Source: MIL-OSI Submissions
24 May 2019
The earlier version of this news story published at 10:45am today incorrectly stated in the fourth paragraph, “The strong demand recently from the Chinese market for alternative protein sources, such as New Zealand beef and lamb is partly due to African swine flu…” We corrected this to “African swine fever”.
Annual goods exports to China have reached $15 billion for the first time, with rising demand for beef and lamb, as well as logs and dairy products, Stats NZ said today.
In the year to April 2019, annual goods exports to China increased $2.7 billion (22 percent) from the April 2018 year to reach $15 billion.

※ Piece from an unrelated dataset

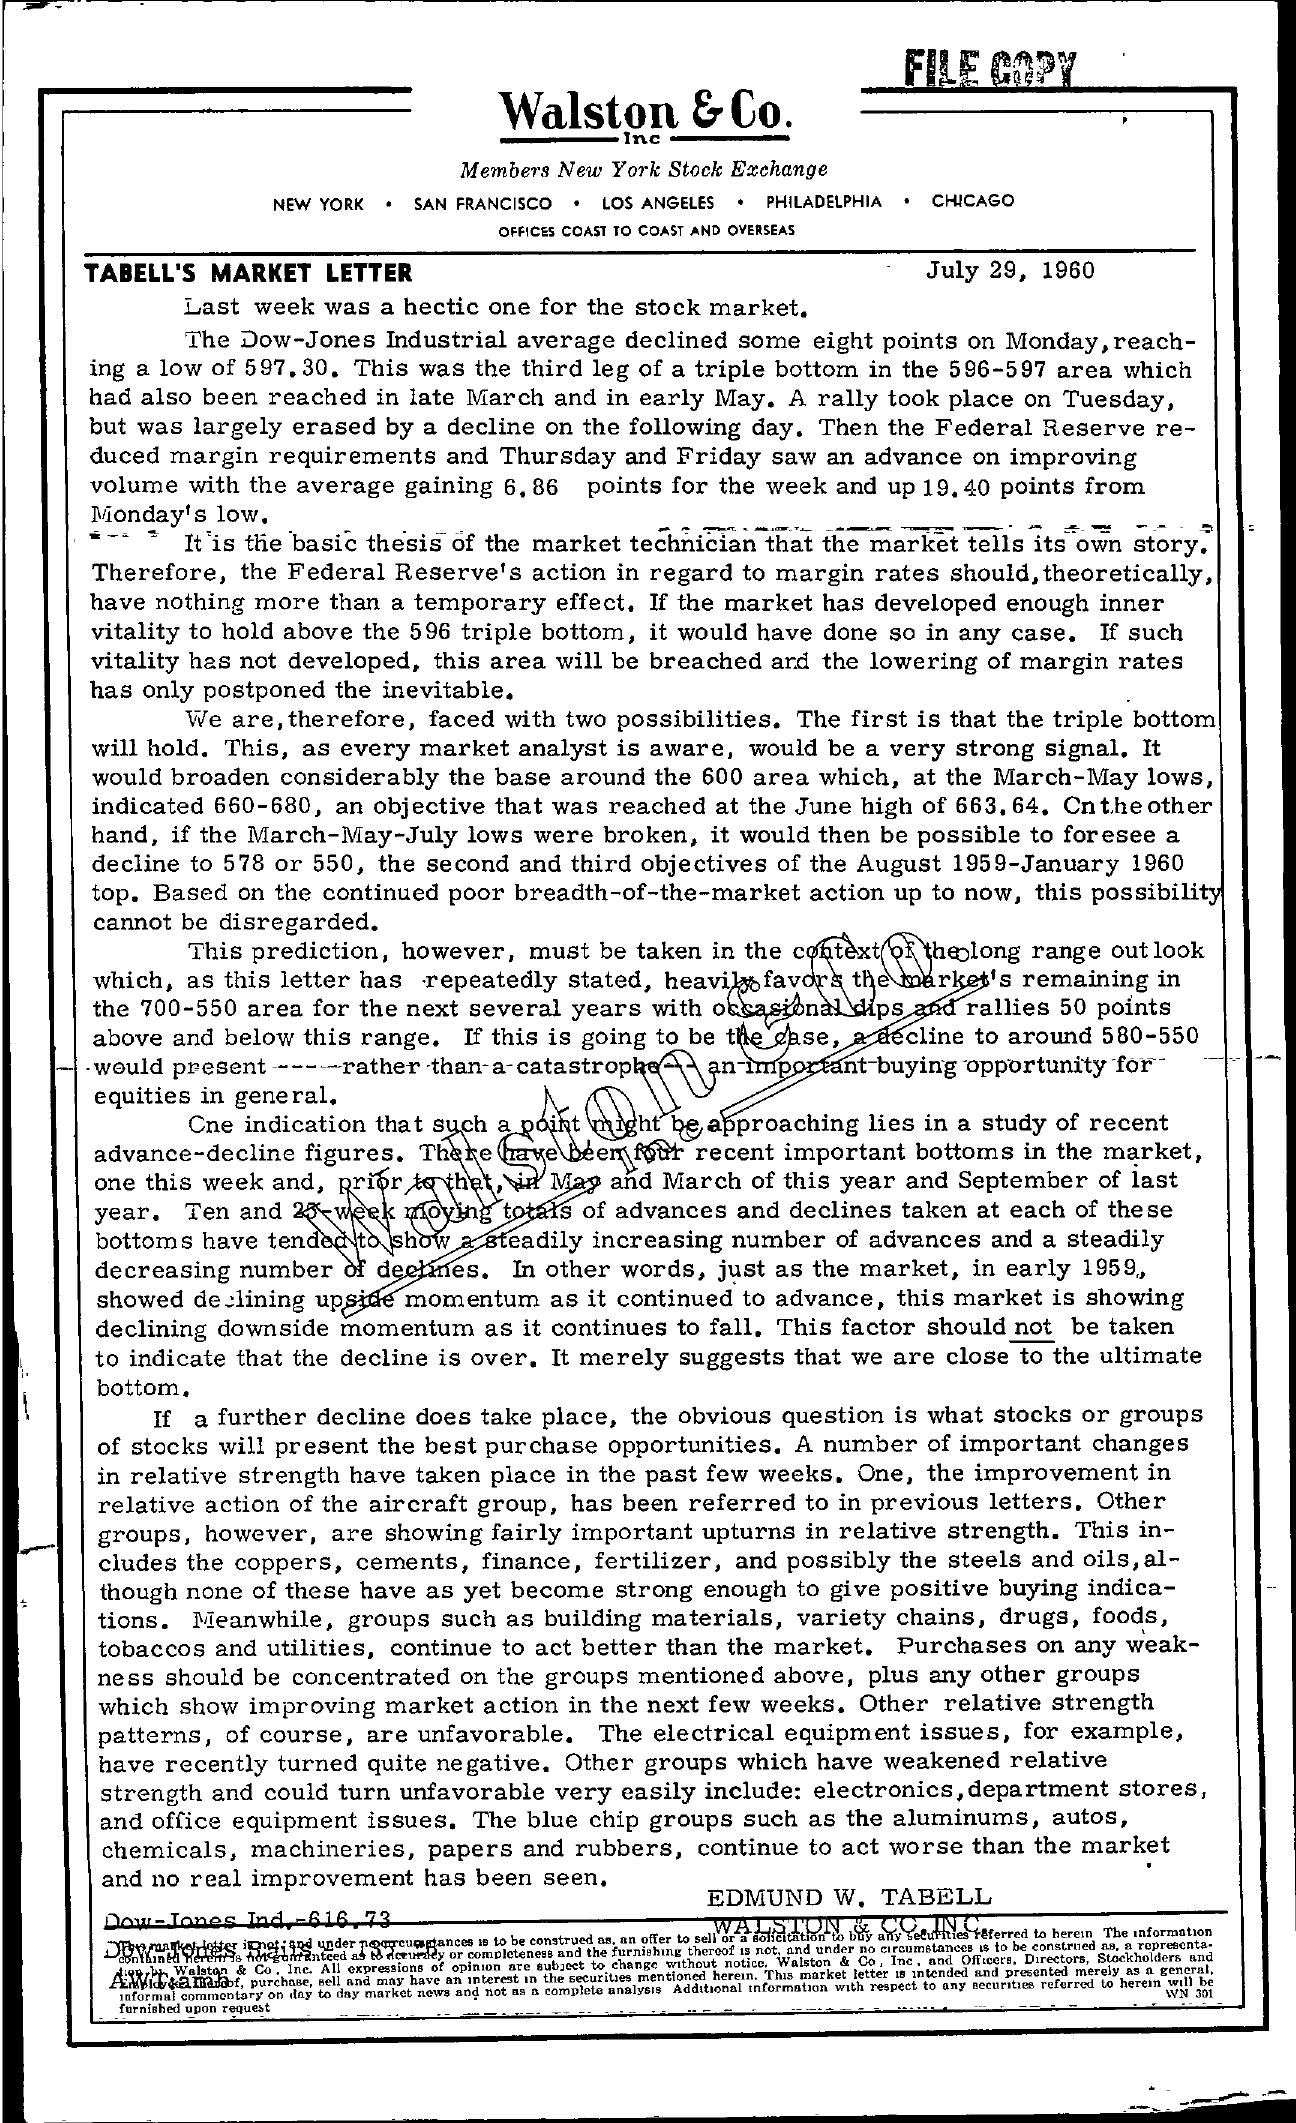 Tabell's Market Letter - July 29, 1960

In the year to April 2019, annual meat and edible offal exports to China were $1.5 billion, up $905 million from year ended April 2018. This increase was led by beef and lamb, with beef up $420 million and lamb up $340 million.
“The strong demand recently from the Chinese market for alternative protein sources, such as New Zealand beef and lamb is partly due to African swine fever reducing pork production in China,” international statistics manager Tehseen Islam said.
The rise in total annual lamb exports was driven by the rise in the value of lamb sent to China, while traditional markets such as the EU remain similar or have shown small falls.
“We are also seeing a similar picture in the beef market,” Mr Islam said.
“The value of beef exports to China nearly doubled in the year to April 2019 compared with the previous year.”
Logs also contributed to the exports rise to China, up $514 million to reach $2.5 billion in the year to April 2019.
Milk powder was also up $501 million to $2.4 billion.
Goods export values to China rose 22 percent in the 12 months to April 2019 and now account for nearly half of all exports to Asia, and about a quarter of all New Zealand’s exports.